Association study between genetic variants and the risk of schizophrenia in the Chinese population based on GWAS-implicated 6p21.3–23.1 human genome region: a case-control study

Abstract

Abstract Background Schizophrenia is a polygenic disease; however, the specific risk genetic variants of schizophrenia are still largely unknown. Single nucleotide polymorphism (SNP) is important genetic factor for the susceptibility of schizophrenia. Investigating individual candidate gene contributing to disease risk remains important. Methods In a case-control study, five SNPs located in 6p21.3-p23.1 including rs2021722 in human leukocyte antigen (HLA) locus and rs107822, rs383711, rs439205 and rs421446 within the upstream of microRNA-219a-1 were genotyped in 454 schizophrenia patients and 445 healthy controls to investigate the possible association between the loci and schizophrenia in a Han Chinese population.
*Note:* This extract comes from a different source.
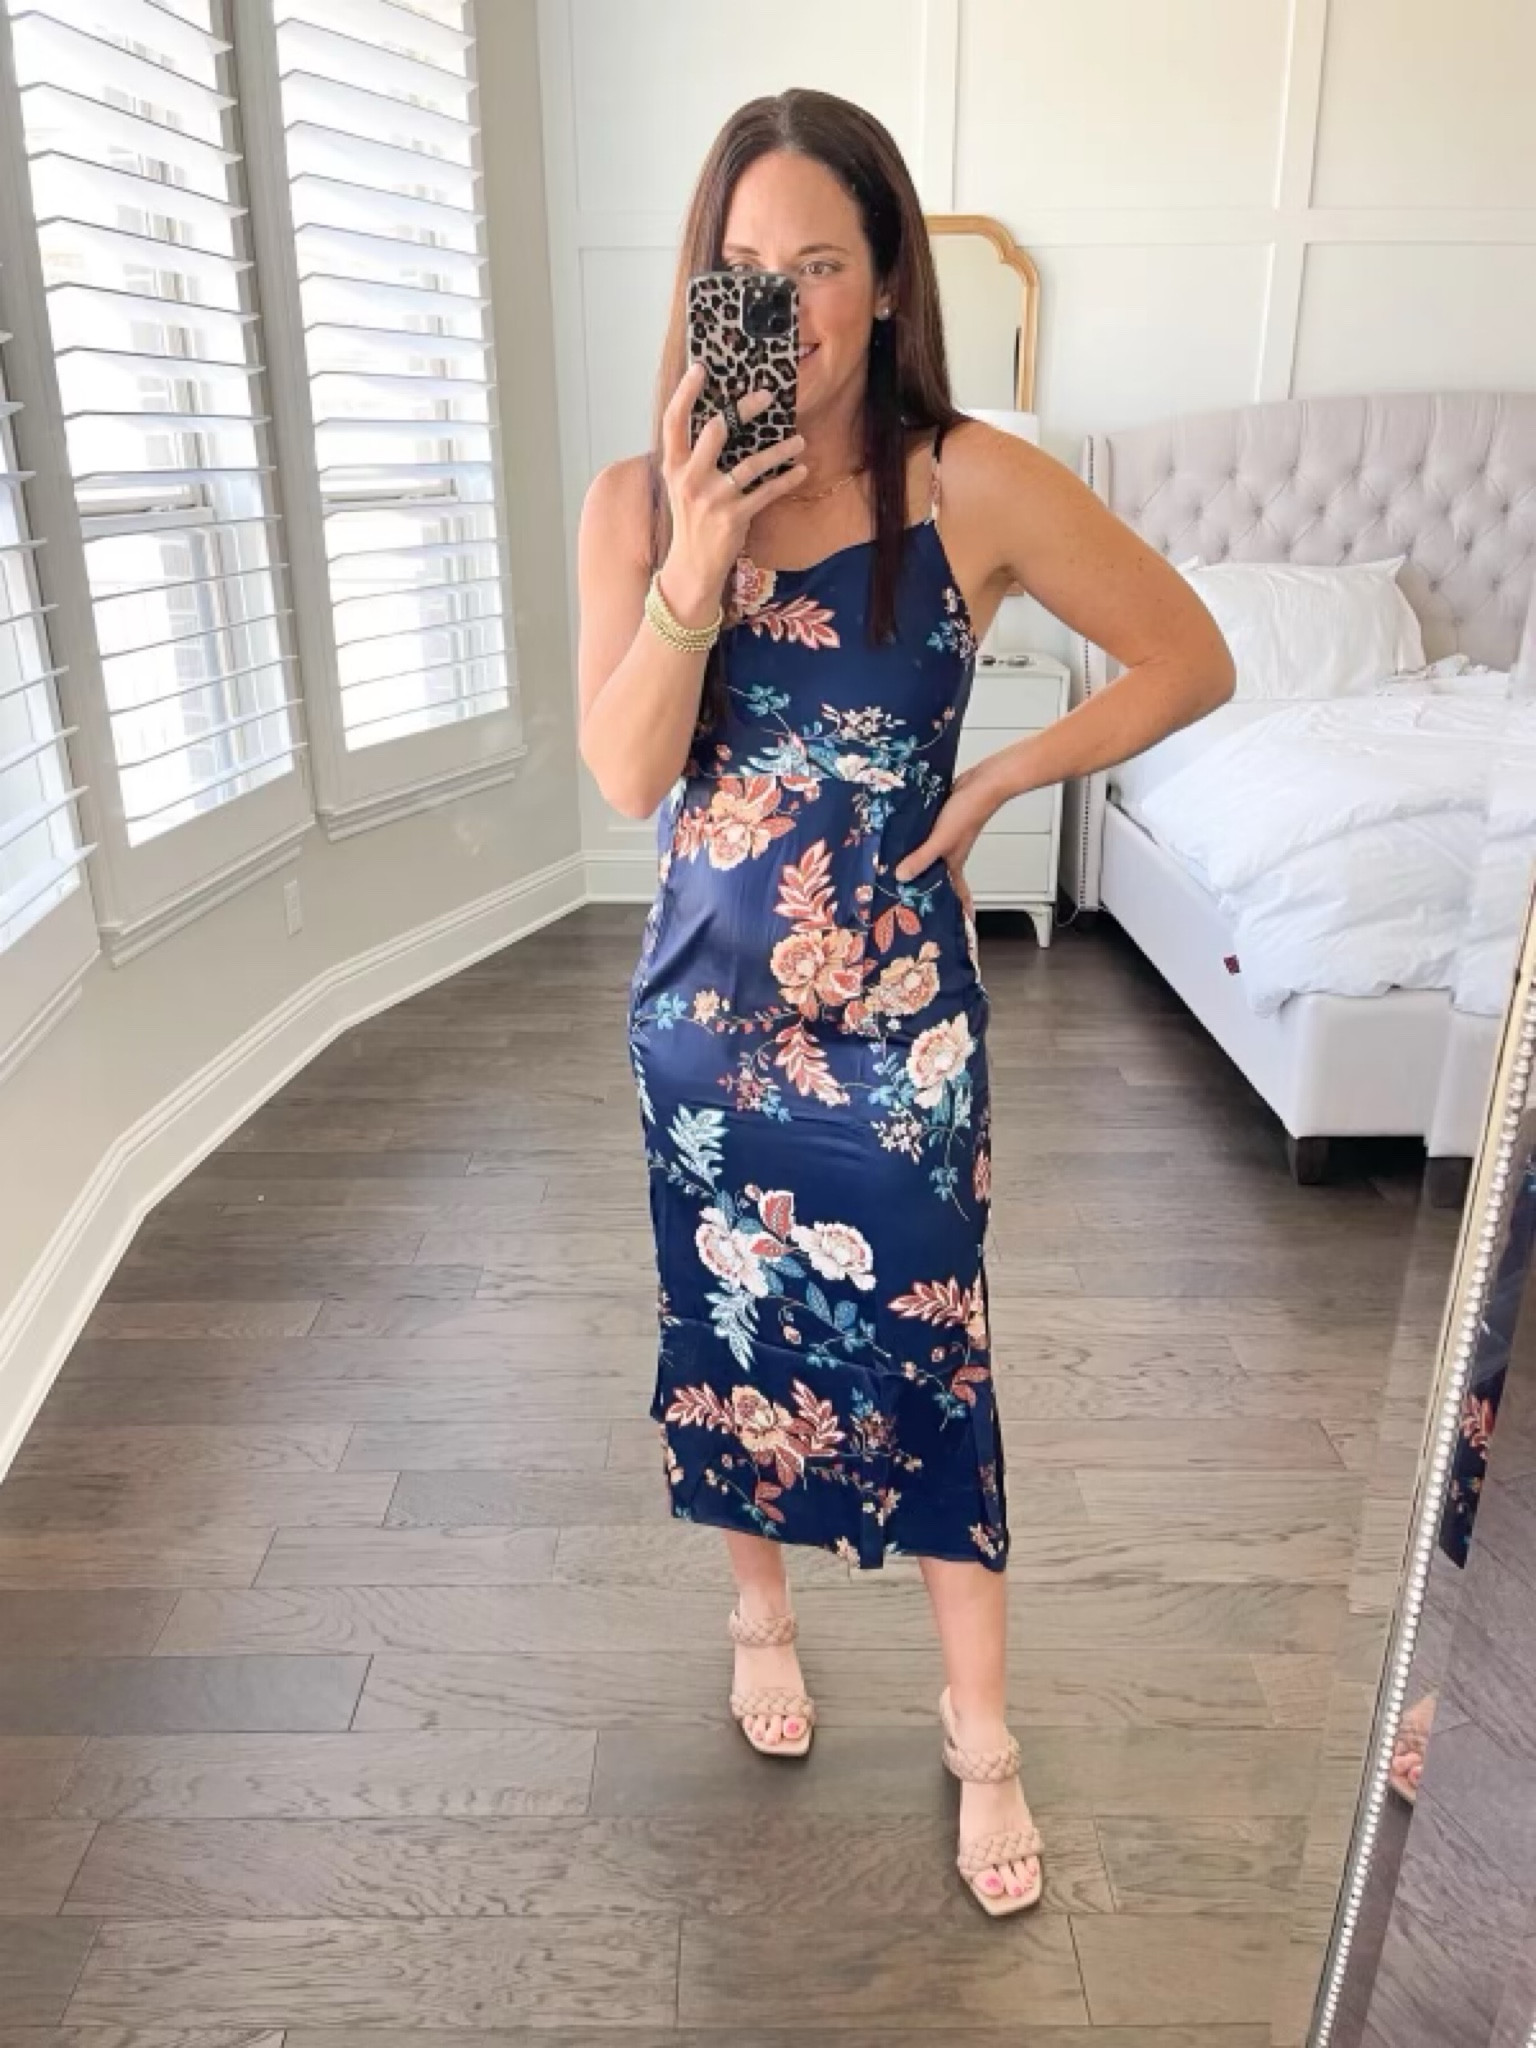 casey mallet recommends Milf In Summer Dress

Results Our results showed significant associations between the rs2021722 and schizophrenia in allele (A vs. G: adjusted OR = 1.661, 95%CI = 1.196–2.308), co-dominant (AG vs. GG: OR = 1.760, 95%CI = 1.234–2.510) and dominant genetic model (AG + AA vs. GG: OR = 1.756, 95%CI = 1.237–2.492), respectively. Haplotype analysis showed that TGGT and CAAC were protective factor for schizophrenia compared with TAAC haplotype (OR = 0.324, 95% CI = 0.157–0.672; OR = 0.423, 95% CI = 0.199–0.900). Conclusions These findings indicate that rs2021722 in HLA locus might be involved in pathogenesis of schizophrenia and that genotypes AG and allele A of the locus are risk factors for schizophrenia in the Han Chinese population, confirming the association between immune system and schizophrenia.